According to the Metropolitan Police Department, of the 1,828 illegal guns that have been recovered so far in 2022, 344 were “privately made firearms,” or ghost guns. In all of 2021, 439 ghost guns were recovered, a dramatic increase from the three that were seized in 2017.

Last year gun-rights activists sued D.C. over what they said was the city’s overbroad definition of a ghost gun, which prompted the D.C. Council to pass emergency legislation making the law’s language more exact and specific.

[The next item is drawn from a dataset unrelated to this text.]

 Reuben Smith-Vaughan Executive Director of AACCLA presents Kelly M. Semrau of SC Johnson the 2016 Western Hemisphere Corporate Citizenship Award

Polymer80, which did not immediately respond to a request for comment on Thursday, argued in the lawsuit with D.C. that the kits it sold did not constitute actual firearms, and were thus legal. It also said Racine offered little evidence that its products were marketed to or purchased by D.C. residents. Attorneys for the company decried the lawsuit’s reference to ghost guns, calling them “headline grabbing and gratuitously explosive,” and called the city’s arguments “highly flawed.”

Associate Judge Ebony M. Scott disagreed, siding with Racine and ordering the company to pay $4 million and to cease selling any parts of kits to D.C. residents.

Earlier this year NBC News delved into Polymer80, one of the nation’s largest producers of gun kits.